1. Introduction
Recently, stock price/index forecasting has become an important and interesting aspect among investors, professional analysts and researchers. Although the main goal is slightly different, the core idea is to earn high profit along with the minimum risk, and achieve the most accurate forecasting results based on the less information. The objective could be reached by analyzing the past and current performance of the stock prices and the background information such as fundamental and technical indicators.
Stock price over the period of time belongs to the category of time series which can be forecasted based on several techniques. Time series forecasting is a prominent area and having a long history. For instance, [1] re- viewed the past 25 years of research studies published in elected journals and showed that one third of papers concerned time series forecasting. The history of related studies spreads through the long range from the traditional to new approaches based on the category of subjective/objective and linear/nonlinear. Among them, exponential smoothing, autoregressive integrated moving average (ARIMA), generalized autoregressive condi- tional heteroscedasticity (GARCH) and artificial neural networks (ANNs) are significant objective methods.

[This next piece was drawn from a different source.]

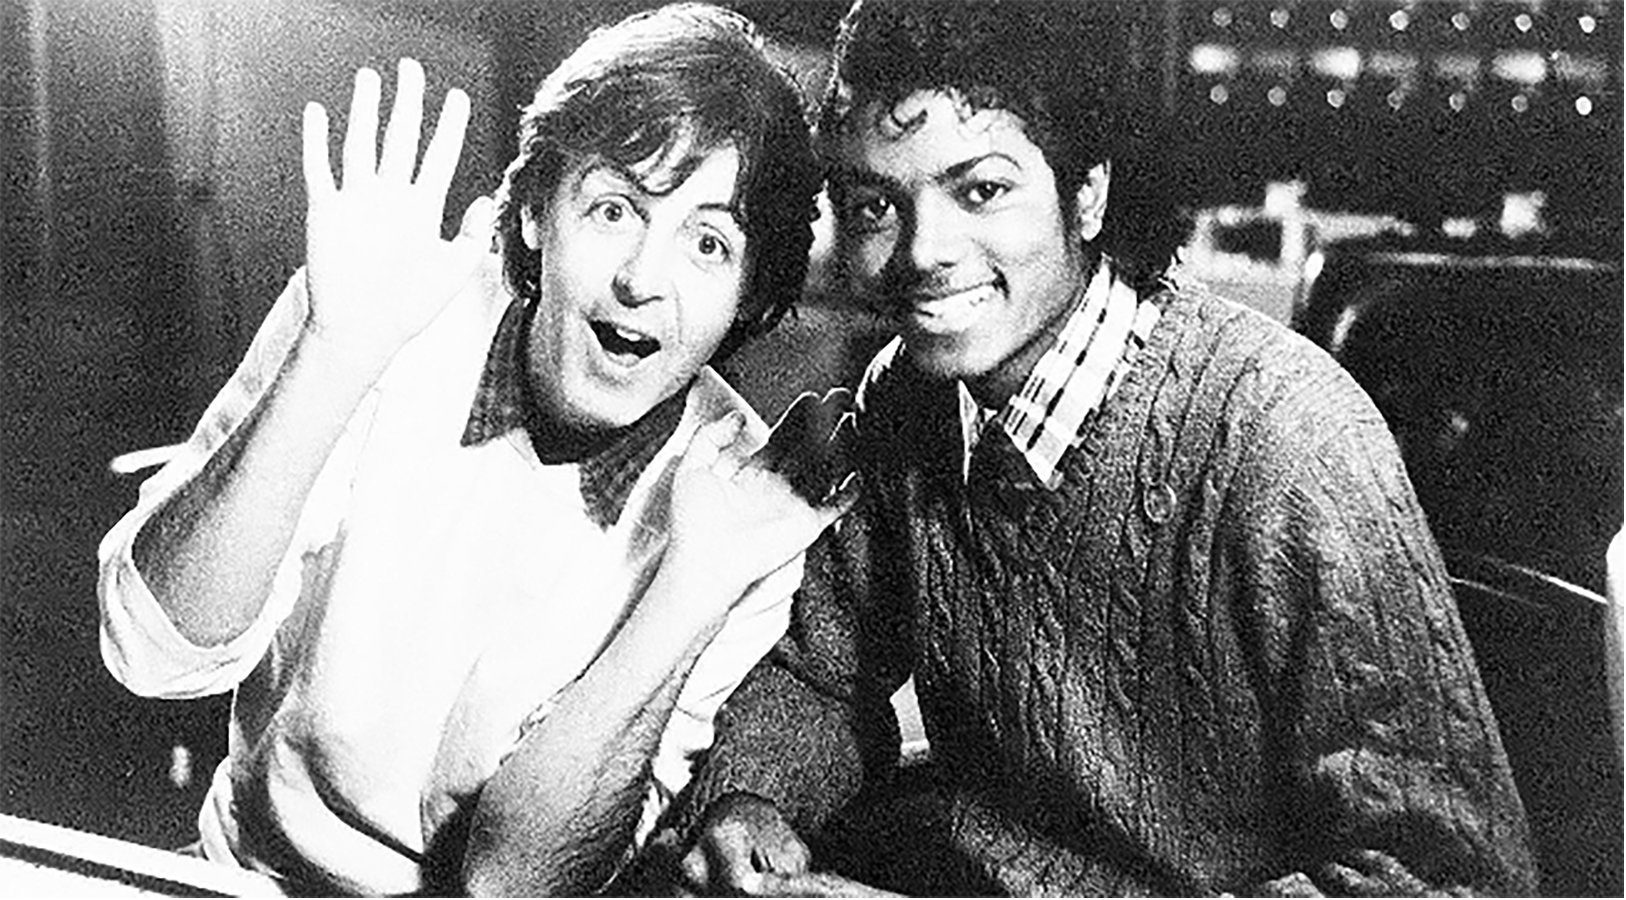 Paul McCartney on his Collaboration With Michael Jackson in the 1980s

The nonlinear methods are widely used in recent forecasting methods due to the existence of nonlinear behavior rather than the linear in stock prices. Reference [2] compared linear and nonlinear forecasts for stock returns and showed that the nonlinear forecasts are significantly more accurate than the linear forecasts. Reference [3] surveyed more than 100 published articles focusing on soft computing methods such as artificial neural network and Neuro-fuzzy techniques. The results showed that the soft computing methods are more suitable for stock price forecasting and in the most cases, they outperform the conventional models.
Neural networks are popular in many areas especially in industrial applications because its ability to grasp patterns of the system and easily adapt changes in the systems as well. According to the well documented literature, a huge number of studies have done based on ANN models. Reference [4] provided a practical guide to design a neural network for forecasting economic time series. In that case, an eight step procedure was explained through the three components including data preprocessing, training and topology of the network. Moreover, in each step they discussed some rules of thumb, common mistakes, Parameter selection and other related things in the designing process. Reference [5] reviewed the theoretical background of the neural networks and investigated for designing and implementing a trading alert system using back propagation network. The result pointed out that the implemented system can predict the short-term price movement directions with an overall accuracy of over 74%. Based on these results they argued that the back propagation network is useful for prediction without the use of extensive market data or knowledge.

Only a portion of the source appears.